Now those who belong to Christ [Jesus] have crucified their flesh with its passions and desires.  If we live in the Spirit, let us also follow the Spirit.  Let us not be conceited, provoking one another, envious of one another.
(Gal. 5:25-26)

     Life in Christ is life in community, and Paul teaches that the Galatians should bear each other’s burdens so that, in the end, each will be able to bear his own load.  He ends this call to community with words that have been, with good reason, the subject of sermons too numerous to count:

Make no mistake: God is not mocked, for a person will reap only what he sows, because the one who sows for his flesh will reap corruption from the flesh, but the one who sows for the spirit will reap eternal life from the spirit.   Let us not grow tired of doing good, for in due time we shall reap our harvest, if we do not give up.  So then, while we have the opportunity, let us do good to all, but especially to those that belong to the family of faith. (Gal. 6:7-10)

      Paul’s final conclusion, written in his own hand, is merely a quick summation of the circumcision argument as detailed above with a blessing of peace and mercy to those who follow this rule and to the “Israel of God” (Gal. 6:16b), an intimation of the fullness of the adoption of this formerly pagan people into the family of God.  A remark that most surely would have Paul’s Judaizing opponents renting their garments and lamenting such a thing as blasphemy, yet it provides final confirmation of Paul’s contention that through Christ one has more claim to God’s family than would result from circumcision.  This would be lost on neither the Galatians nor his opponents.

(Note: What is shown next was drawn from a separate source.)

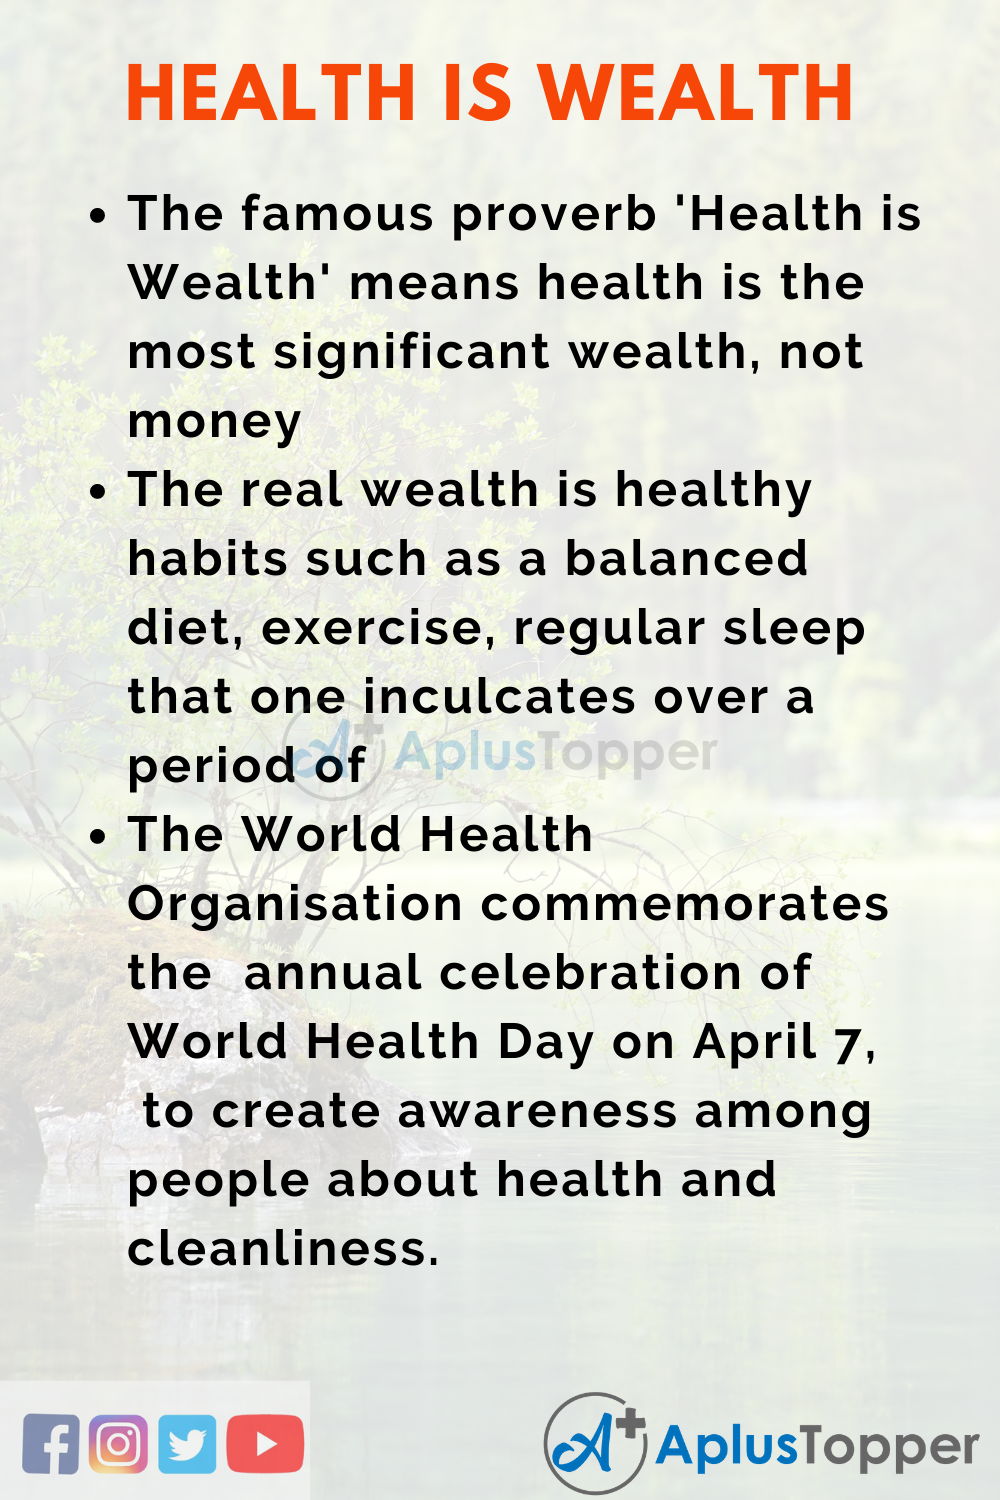 essay in health is wealth

     Finally, Paul closes with this remarkable statement: “From now on, let no one make troubles for me; for I bear the marks of Jesus on my body.” (Gal 6:17)  The “marks of Jesus,” which we know as stigmata, originates with the practice of branding slaves.  Devotees of pagan gods were often marked in this way.  Paul’s implication here is that rather than circumcision, it is the scars of his apostolic labors, the result of stonings, floggings and other abuses, that marks him as Christ’s.  His teaching has now come full circle to make the point that the truth is the opposite of that supposed by the renegade Galatians:  Circumcision is not the mark of a free citizen of Israel but the scar of slavery to the law.  True freedom is found only in slavery to Christ, and until one bears this brand he makes no trouble for Paul.